The cornea is the outer barrier of the eye and is, under healthy conditions, transparent and belongs to the few immune-privileged tissues of the organism, meaning it is avascular in the healthy state. If it comes to an injury or infection in the cornea, the corneal avascularity is abrogated if a certain threshold of inflammation is reached [1]. Blood and lymphatic vessels in various constellations (together, isolated, or sequentially) sprout from the vascularized conjunctiva into the cornea which can lead to reduced vision as well as an undesired immune response by invading immune cells. However, previous studies also reported on the beneficial roles of especially lymphatic vessels in the cornea under certain disease conditions [2,3,4].
This review will focus on the role of lymphatic vessels during corneal wound healing after injuries and infections in regulating corneal fluid balance and will highlight also their beneficial role. The role of lymphatic vessels in the whole ocular compartment was recently reviewed in detail elsewhere [5].
Over the past few decades, a remarkable shift in our understanding of ocular vascular anatomy has occurred, changing long-held beliefs about the complete absence of lymphatic vessels within the eye.

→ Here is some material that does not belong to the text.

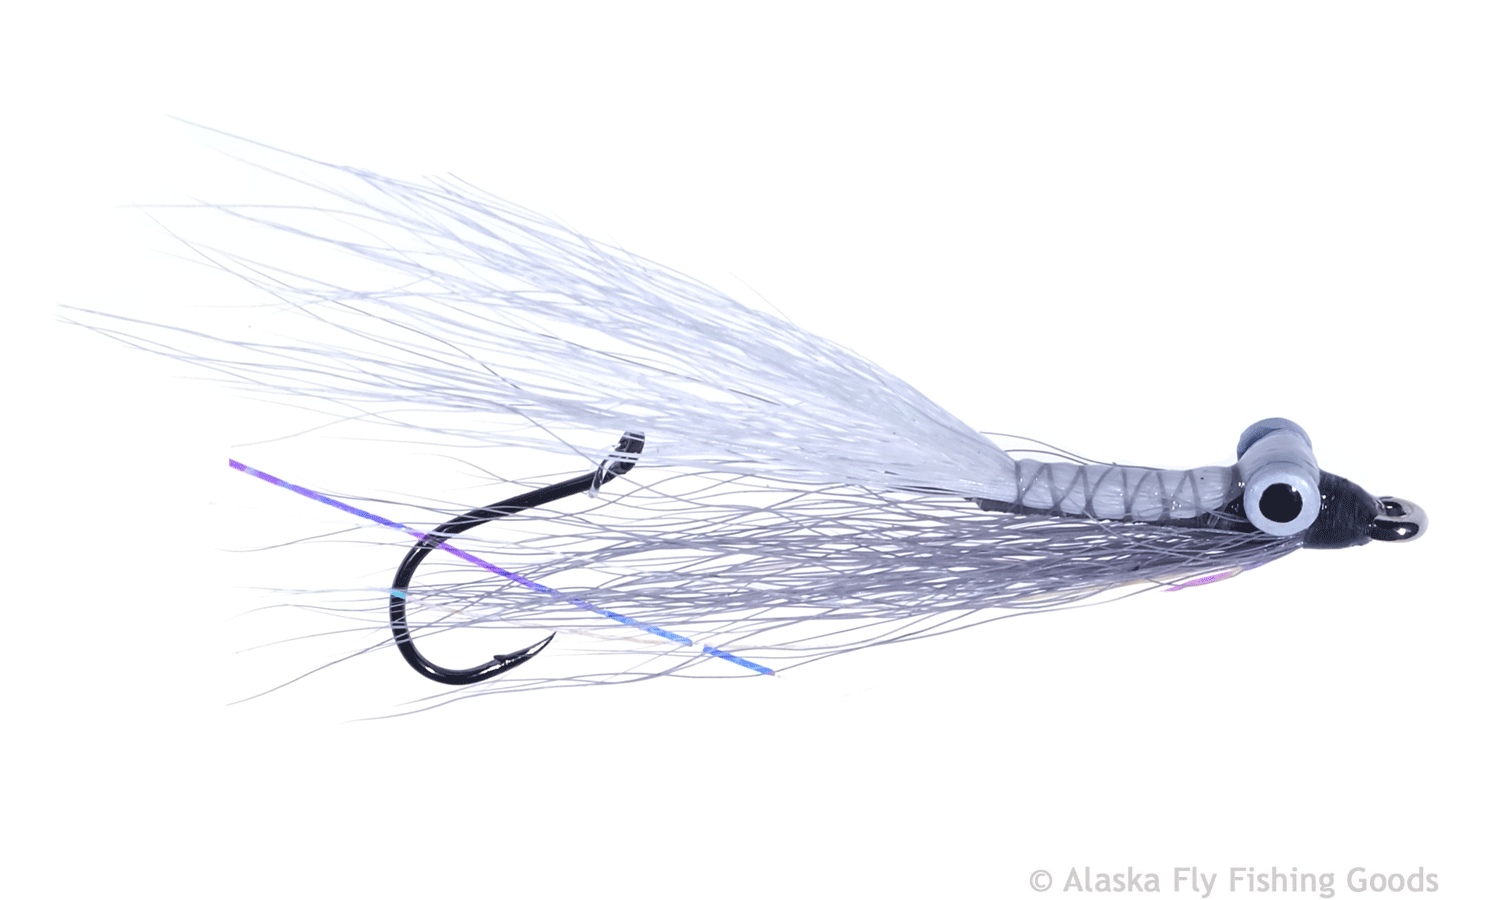 https://www.alaskaflyfishinggoods.com/wp-content/uploads/product_images/sting-clouser-gray-white.gif

The cornea was traditionally considered to be devoid of lymphatic vessels under normal conditions, too, a phenomenon referred to as the "corneal lymphangiogenic privilege" [6]. However, when the cornea experiences trauma or inflammation, both lymphatic and blood vessels can infiltrate the cornea extensively, leading to severe vision impairment and, in some cases, necessitating corneal transplantation, resulting in millions of people suffering from corneal blindness due to a shortage of donor corneas [7, 8].
Furthermore, the unique, densely structured stromal anatomy responsible for maintaining constant dehydration within the cornea can become disrupted by trauma or diseases, potentially allowing vessels to infiltrate and causing corneal swelling, known as edema. In industrialized countries, dysfunction of corneal endothelial cells, which leads to edema and consecutive loss of transparency, is one of the main indications for corneal transplantation [9]. Thus, a nonsurgical approach to reduce corneal edema would be of great therapeutic value to treat corneal blindness worldwide [7, 8].

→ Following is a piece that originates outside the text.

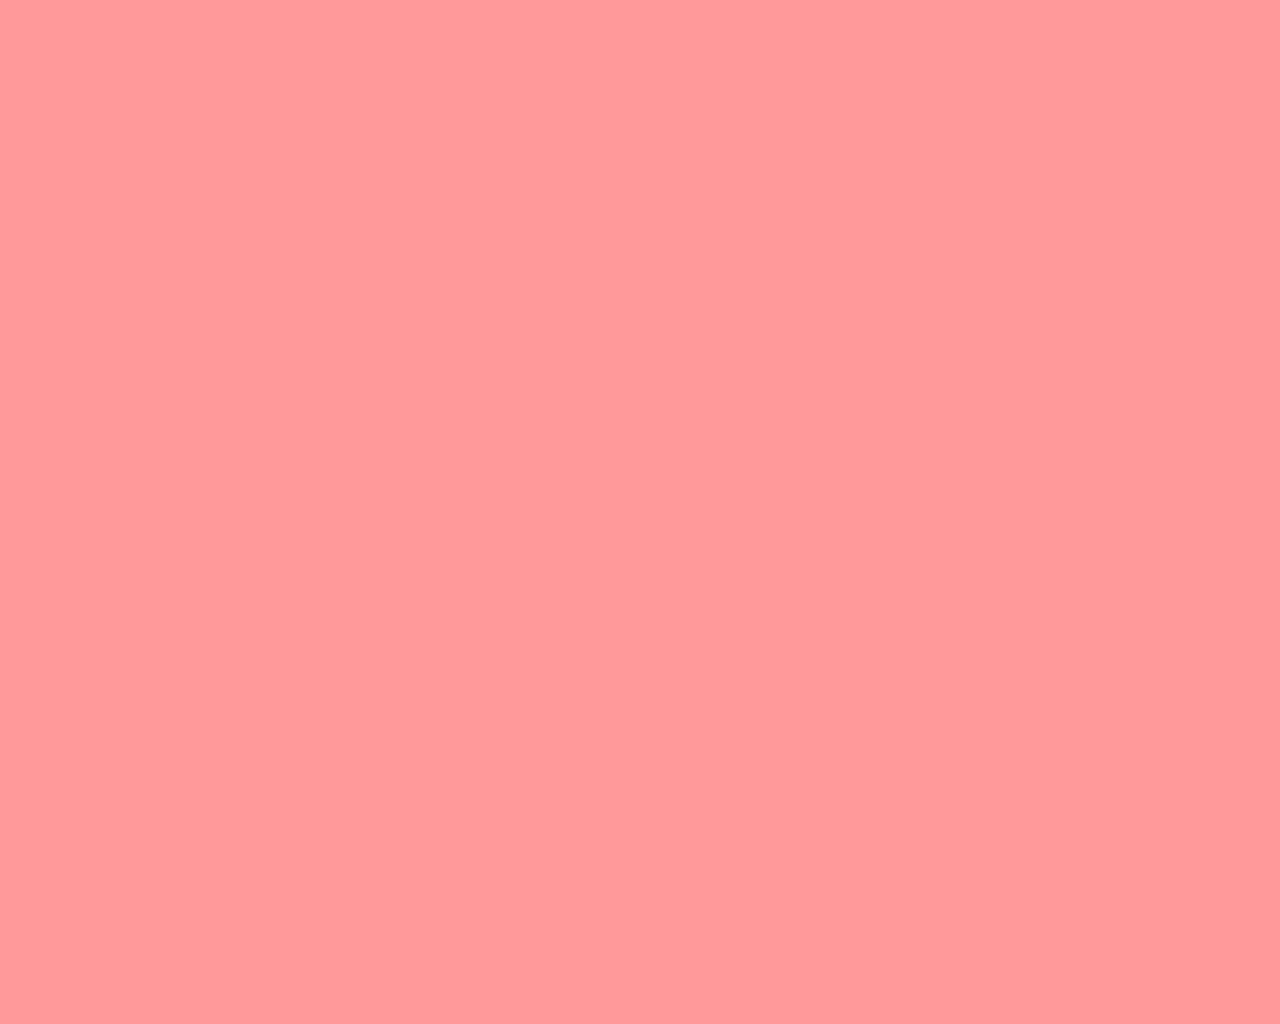 A pink background with no text - Salmon

It is worth noting that early studies demonstrated that corneal edema can occur independently of vascularization [10]. The challenge in detecting lymphatic vessels in the cornea lies in their invisibility during slit lamp examinations [1]. Importantly, their presence doesn't typically lead to visible impairments. As a result, the recognition of lymphatic vessels within the cornea occurred relatively late [6]. Additionally, the absence of reliable markers for identifying lymphatic vessels posed a significant hurdle to research in this area [11]. However, the past 25 years have witnessed significant progress in this field, driven by the discovery of molecular markers such as lymphatic vessel endothelial hyaluronic acid receptor 1 (LYVE-1) [12], prospero homeobox-1 (PROX-1) [13], podoplanin [14], and vascular endothelial growth factor (VEGF) receptor-3 (VEGFR-3) [15]. These discoveries have significantly advanced research on lymphatic vessels within the cornea in the past 25 years [5, 16].
In addition to its unique status as a tissue normally resistant to both lymphangiogenesis and angiogenesis, the cornea is recognized for its immune-privileged characteristics [17]. One example of this immune privilege is the phenomenon known as Anterior Chamber-Associated Immune Deviation (ACAID). ACAID relies, in part, on a specialized subset of macrophages originating from the eye, which induce suppression through Natural Killer cells [18, 19]. This mechanism effectively suppresses antigen-specific, delayed-type hypersensitivity reactions [20]. Notably, research has demonstrated that the immune privilege of the cornea contributes significantly to its resistance to both lymphangiogenesis and angiogenesis [21]. Intriguingly, several molecules play roles in preserving the corneal' angiogenic and immune privileges simultaneously, such as thrombospondin-1 [22] and vasoactive intestinal polypeptide [21].
Lymphangiogenesis is primarily induced by members of the vascular endothelial growth factor (VEGF) family, notably VEGF-C and -D, which bind to their corresponding receptors VEGF-R2 and -3 [23, 24]. Additionally, the pro-angiogenic factor VEGF-A has also been found to possess the capability to induce lymphangiogenesis [25]. This process can occur in two main ways: indirectly, through the recruitment of VEGF-R1-positive macrophages, which subsequently secrete VEGF-C and VEGF-D, or directly, by stimulating the proliferation of lymphatic endothelial cells [23, 25, 26] (Fig. 1). Additionally, several other growth factors have been identified as contributors to the induction of lymphangiogenesis, including platelet-derived growth factor (PDGF), fibroblast growth factor-2 (FGF-2), hepatocyte growth factor (HGF), and angiopoietin (Ang) [23].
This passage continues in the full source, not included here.